Create a dataset from a set of Arrow tables.

Parameters
  • dfs – A list of Ray object references to Arrow tables.

  • parallelism – The amount of parallelism to use for the dataset.

Returns

Dataset holding Arrow records from the tables.

PublicAPI (beta): This API is in beta and may change before becoming stable.

ray.data.from_spark(df: pyspark.sql.DataFrame, *, parallelism: int = 200) → ray.experimental.data.dataset.Dataset[ray.experimental.data.impl.arrow_block.ArrowRow]

Create a dataset from a Spark dataframe.

Parameters
  • df – A Spark dataframe, which must be created by RayDP (Spark-on-Ray).

  • parallelism – The amount of parallelism to use for the dataset.

Returns

Dataset holding Arrow records read from the dataframe.

PublicAPI (beta): This API is in beta and may change before becoming stable.

ray.data.from_dask(df: dask.DataFrame, *, parallelism: int = 200) → ray.experimental.data.dataset.Dataset[ray.experimental.data.impl.arrow_block.ArrowRow]

Create a dataset from a Dask DataFrame.

Parameters

df – A Dask DataFrame.

Returns

Dataset holding Arrow records read from the DataFrame.

PublicAPI (beta): This API is in beta and may change before becoming stable.

ray.data.from_modin(df: modin.DataFrame, *, parallelism: int = 200) → ray.experimental.data.dataset.Dataset[ray.experimental.data.impl.arrow_block.ArrowRow]

Create a dataset from a Modin dataframe.

Parameters
  • df – A Modin dataframe, which must be using the Ray backend.

  • parallelism – The amount of parallelism to use for the dataset.

Returns

Dataset holding Arrow records read from the dataframe.

PublicAPI (beta): This API is in beta and may change before becoming stable.

ray.data.from_mars(df: mars.DataFrame, *, parallelism: int = 200) → ray.experimental.data.dataset.Dataset[ray.experimental.data.impl.arrow_block.ArrowRow]

Create a dataset from a MARS dataframe.

Parameters

df – A MARS dataframe, which must be executed by MARS-on-Ray.

Returns

Dataset holding Arrow records read from the dataframe.

PublicAPI (beta): This API is in beta and may change before becoming stable.

ray.data.from_pandas(dfs: List[ray.types.ObjectRef[pandas.DataFrame]], *, parallelism: int = 200) → ray.experimental.data.dataset.Dataset[ray.experimental.data.impl.arrow_block.ArrowRow]

Create a dataset from a set of Pandas dataframes.

Parameters
  • dfs – A list of Ray object references to pandas dataframes.

  • parallelism – The amount of parallelism to use for the dataset.

Returns

Dataset holding Arrow records read from the dataframes.

PublicAPI (beta): This API is in beta and may change before becoming stable.

Dataset API

class ray.data.Dataset(blocks: ray.experimental.data.impl.block_list.BlockList[T])

Implements a distributed Arrow dataset.

Datasets are implemented as a list of ObjectRef[Block]. The block also determines the unit of parallelism.

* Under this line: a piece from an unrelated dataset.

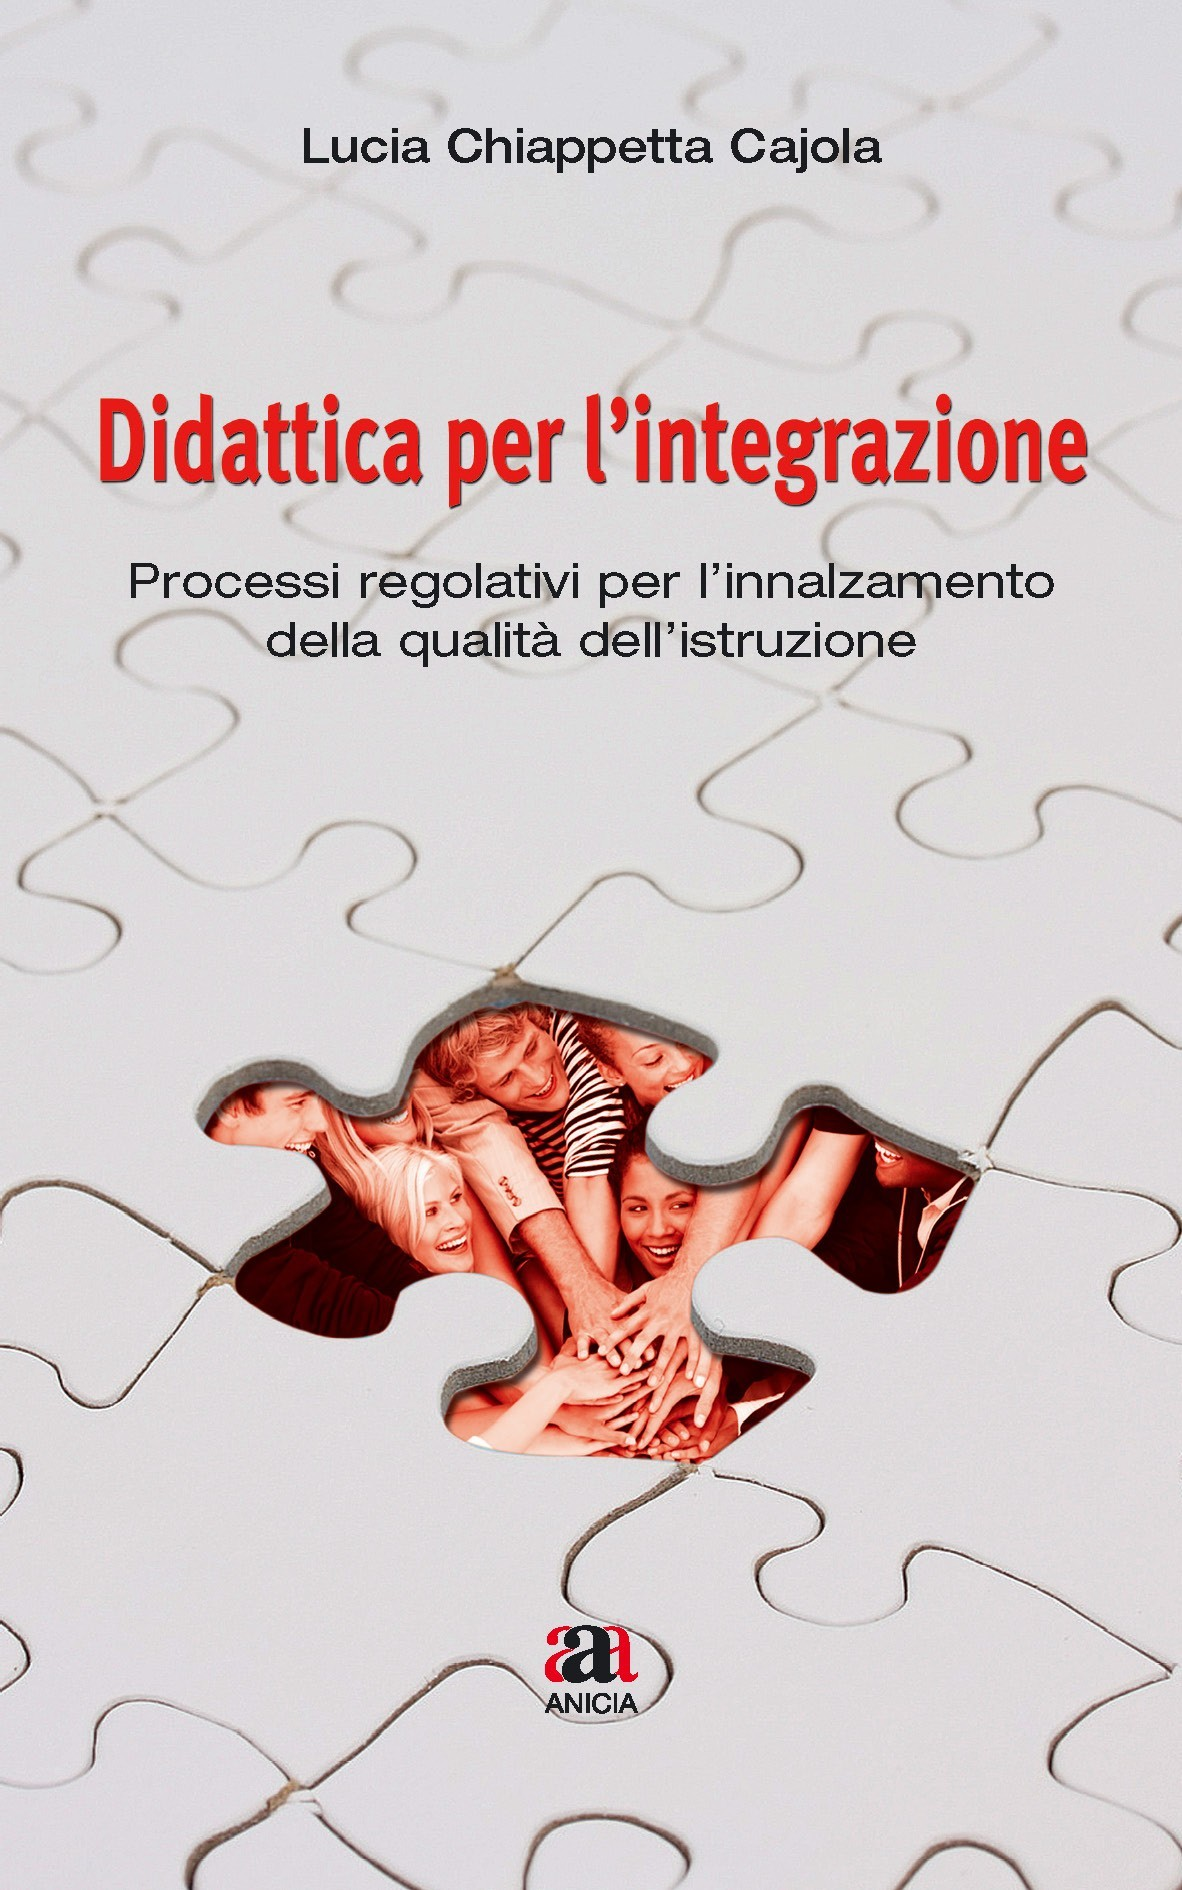 Didattica per l'integrazione

The default block type is the pyarrow.Table. Arrow-incompatible objects are held in list blocks.

Since Datasets are just lists of Ray object refs, they can be passed between Ray tasks and actors just like any other object. Datasets support conversion to/from several more featureful dataframe libraries (e.g., Spark, Dask, Modin, MARS), and are also compatible with distributed TensorFlow / PyTorch.

Dataset supports parallel transformations such as .map(), .map_batches(), and simple repartition, but currently not aggregations and joins.

PublicAPI (beta): This API is in beta and may change before becoming stable.

map(fn: Union[type, Callable[[T], U]], *, compute: Optional[str] = None, **ray_remote_args) → ray.experimental.data.dataset.Dataset[U]

Apply the given function to each record of this dataset.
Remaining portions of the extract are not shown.